___ DATASET EXTRACT

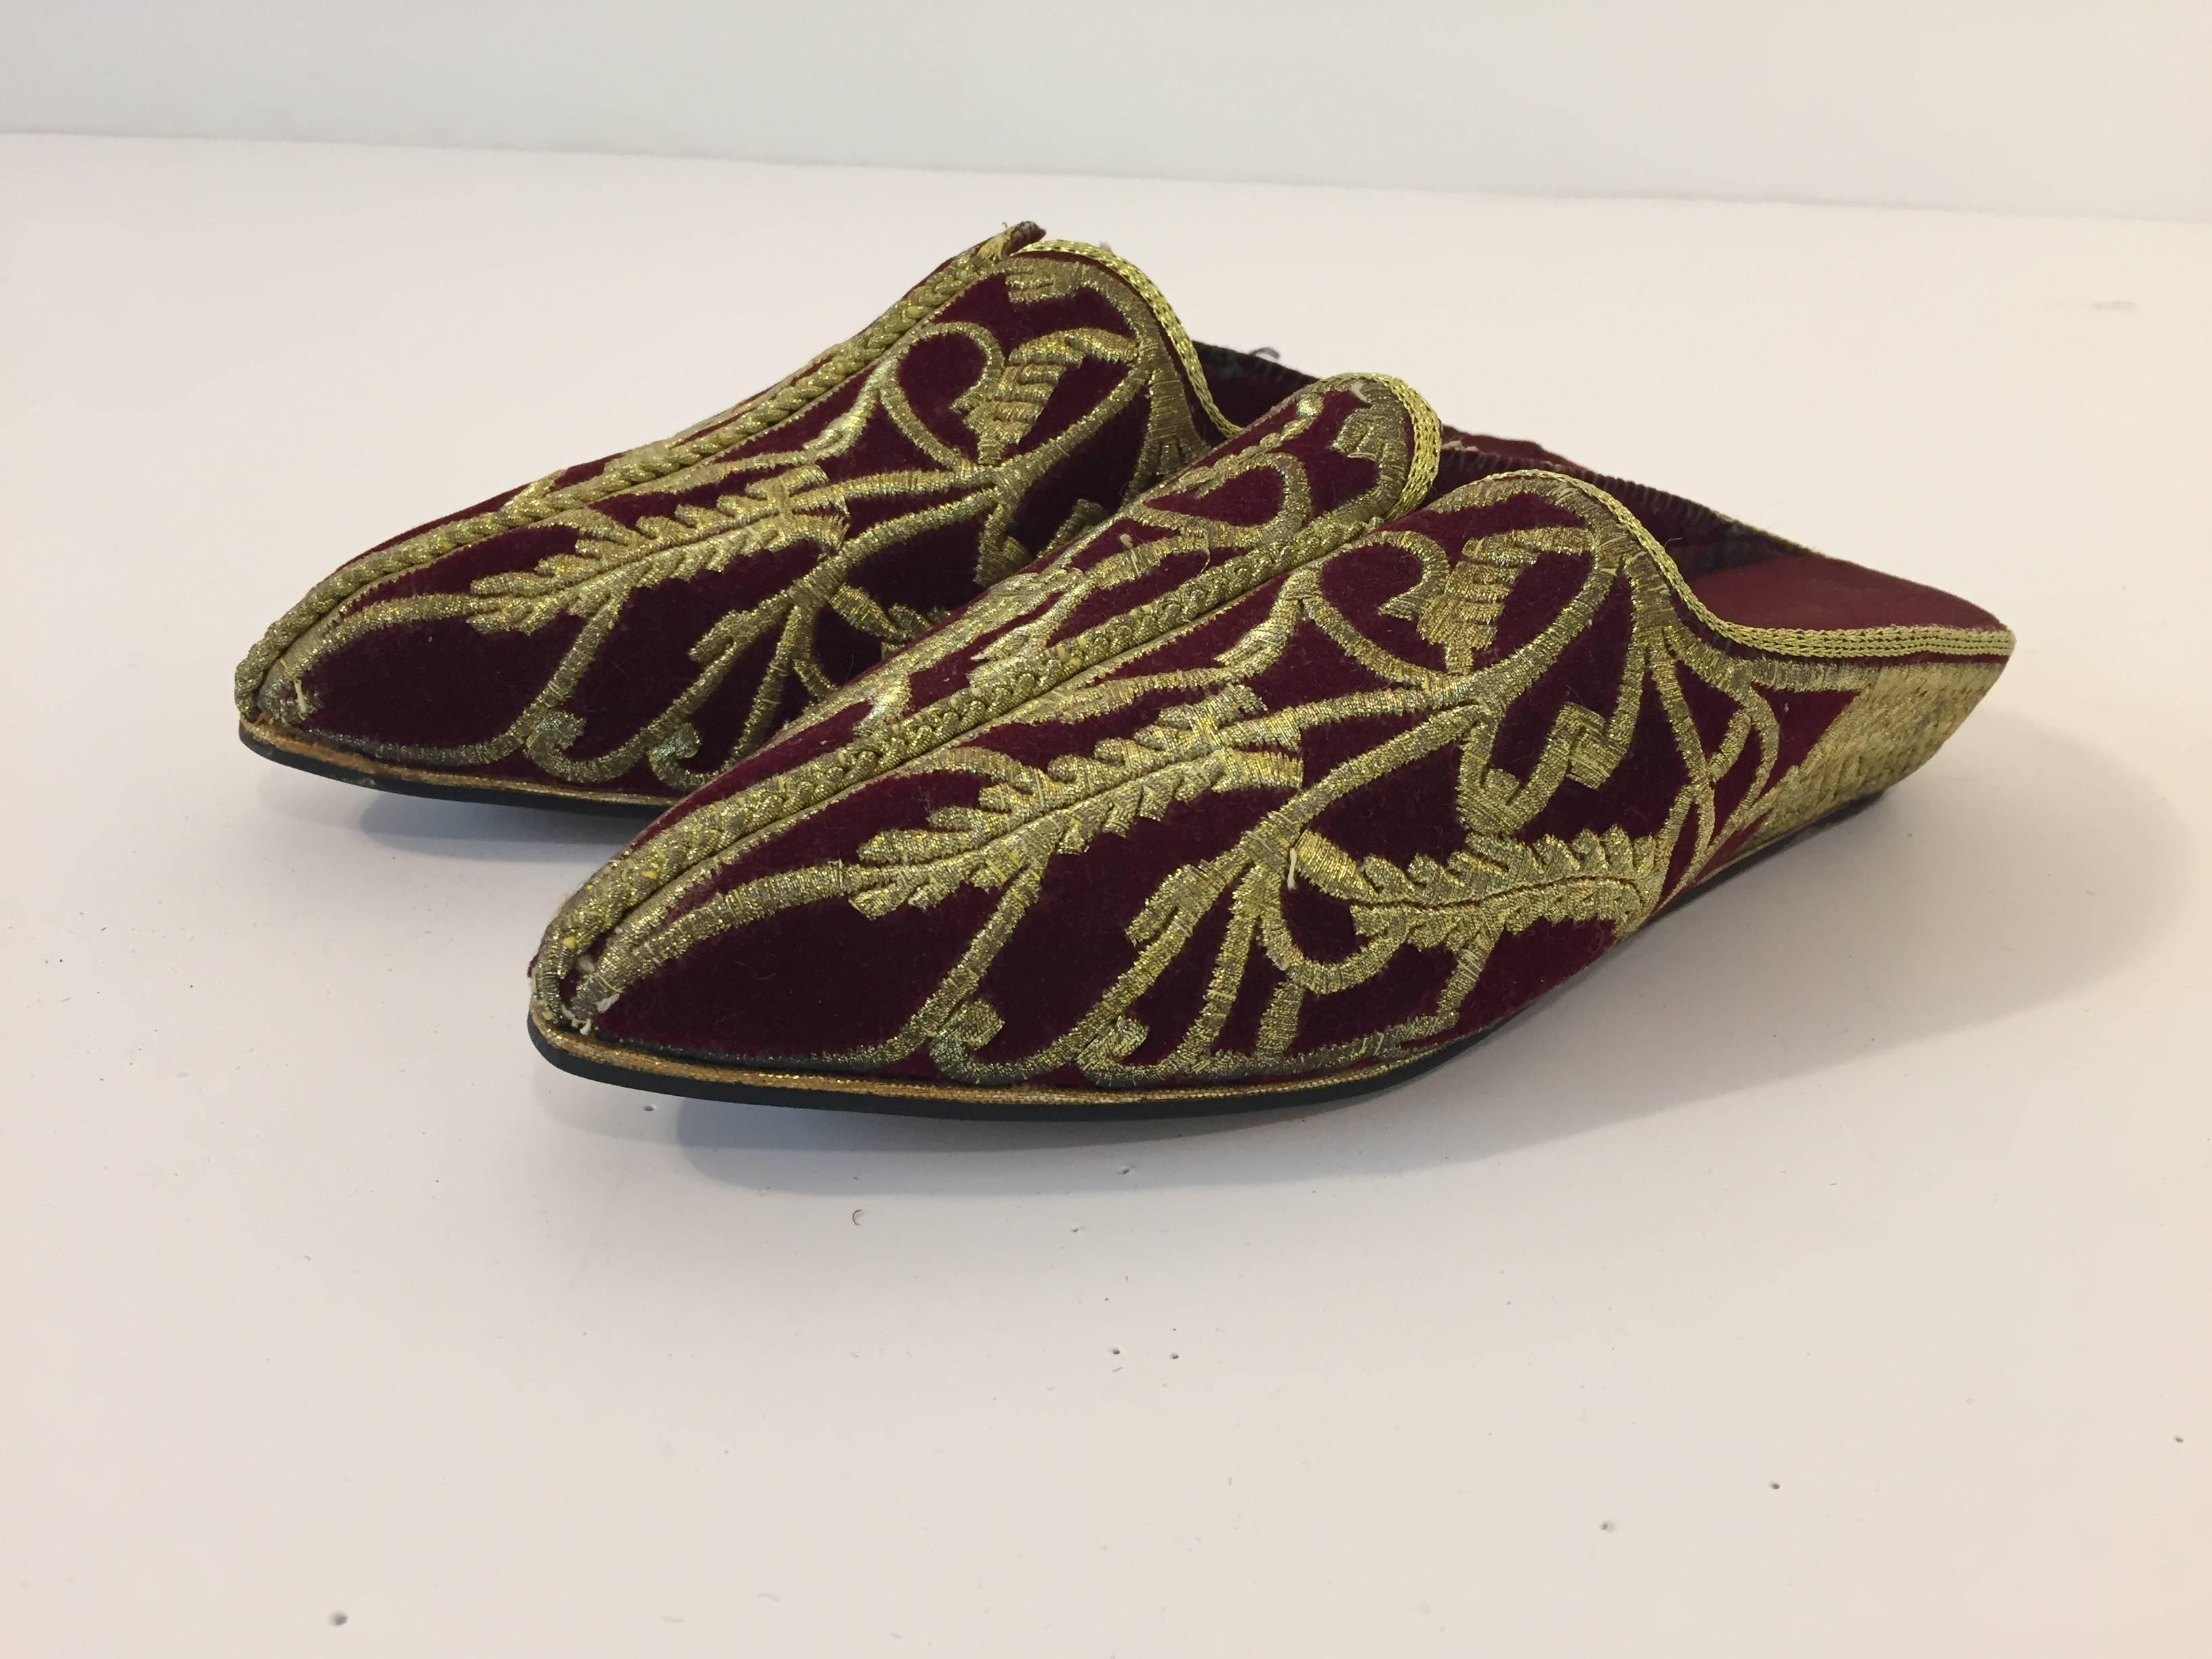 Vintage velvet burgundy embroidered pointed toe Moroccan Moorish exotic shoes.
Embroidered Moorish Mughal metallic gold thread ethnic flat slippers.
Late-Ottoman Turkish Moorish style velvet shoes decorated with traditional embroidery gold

______

### THE TASK
Nothing but the line with "Embroidered Moorish Mughal" and the lines after it, through the end of the material, should appear in the output, word for word.

### RESPONSE BOX
Embroidered Moorish Mughal metallic gold thread ethnic flat slippers.
Late-Ottoman Turkish Moorish style velvet shoes decorated with traditional embroidery gold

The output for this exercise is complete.